When Mr. Charles joined Channel 13, it was as a news anchor after graduating in 1953 from Kent State University. In his early years, he handled a variety of assignments, including being sent to cover the Democratic and Republican national conventions in 1968.
“He was a good guy, hardworking and easy to get along with,” said Chase Clements, a former news director and reporter for Channel 13 who recently retired from The Blade.
His friends chided him for years afterward about how his mild manner had somehow drawn a clubbing by police while in Chicago covering the Democratic convention, marked by repeated clashes between police and anti-war protestors.
“They sent him and a camera man there alone,” Mr. Clements said, recalling the days before live reporting via satellites. “The story was breaking so fast, and he had to be in so many places, by the time we got the film back from Chicago it would almost be an historical antidote.”
During the convention, a police officer hit Mr. Charles with a nightstick when he tried to explain he needed to cover the tumult outside the convention.
“My dad was such a meek and mild guy, but he got a billy club in the mouth,” Kim Chessman, his daughter, said.

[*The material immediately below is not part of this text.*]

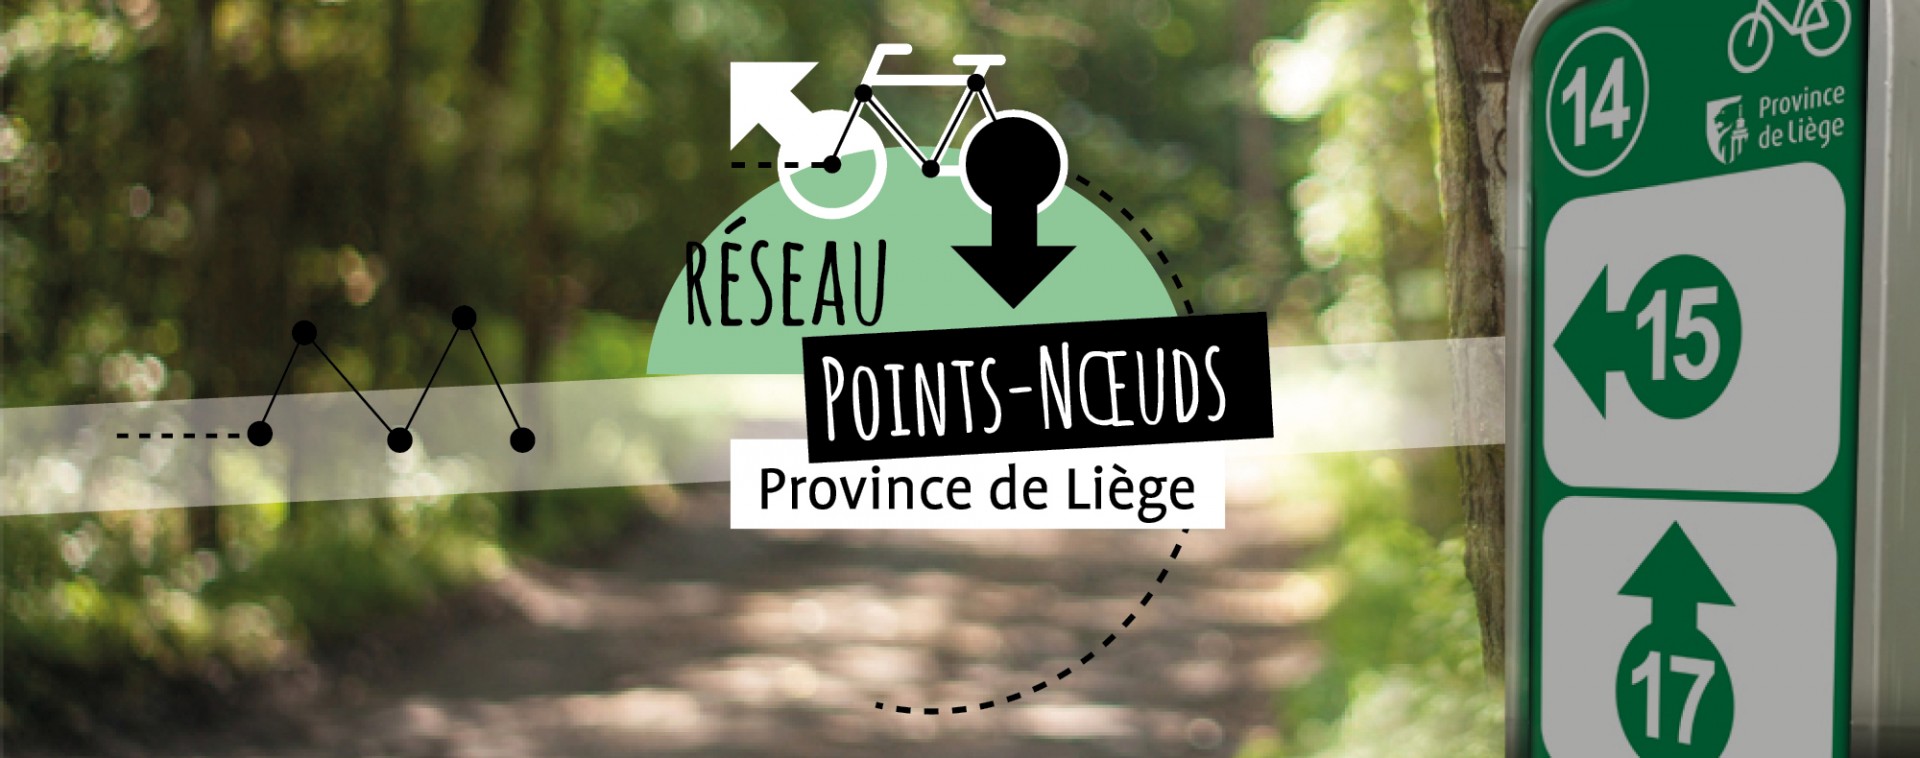 Réseau vélo points-nœuds Province de Liège | © FTPL

It left a bad bruise on the right side of his jaw and bloody lip, but nothing worse. “When he got home, the other newsmen presented him with a Purple Heart,” she said.
He attended the inauguration of President Nixon the following year, and was photographed in the Oval Office with the president and an area girl whose poster pleading for peace had been the subject of a news story by Mr. Charles.
Shortly thereafter, Mr. Charles became a sales manager at WSPD. In 1979, he returned to Channel 13 to sell advertising and do voiceovers for commercials.
“People called him `the voice,'” said his wife, Cindi. “He had a very distinctive baritone voice.”
He retired in 1993 because of health problems but returned to the airwaves three years ago on WCWA with the Bill Charles show, which was broadcast weekdays from noon to 3 p.m. His last show was about three weeks ago. “He had so many people calling him welcoming him back, it was just overwhelming,” his wife said.
Mr. Charles was a former member of the Downtown Kiwanis Club and past president of the Reynolds Corners Exchange Club. He was a former board member of the Toledo Press Club and Southwest YMCA. He was active in public relations and marketing for the United Way, the local Red Cross, and Boy Scouts.
His first wife, Beverly, died in 1984.
Surviving are his wife, Cindi; daughters, Kim Kaseman, Lisa Charles-Giroux, Susan Jantzen, and Sarah Charles; stepsons, Kevin and Matthew Swan, and four grandchildren.
Services will be at 11 a.m. Wednesday at Little Flower Catholic Church. The body will be in the Walker Funeral Home after 2 p.m. today. The family requests tributes to the Toledo Choral Society, Grace Lutheran Church, Little Flower Church, or the Boy Scouts.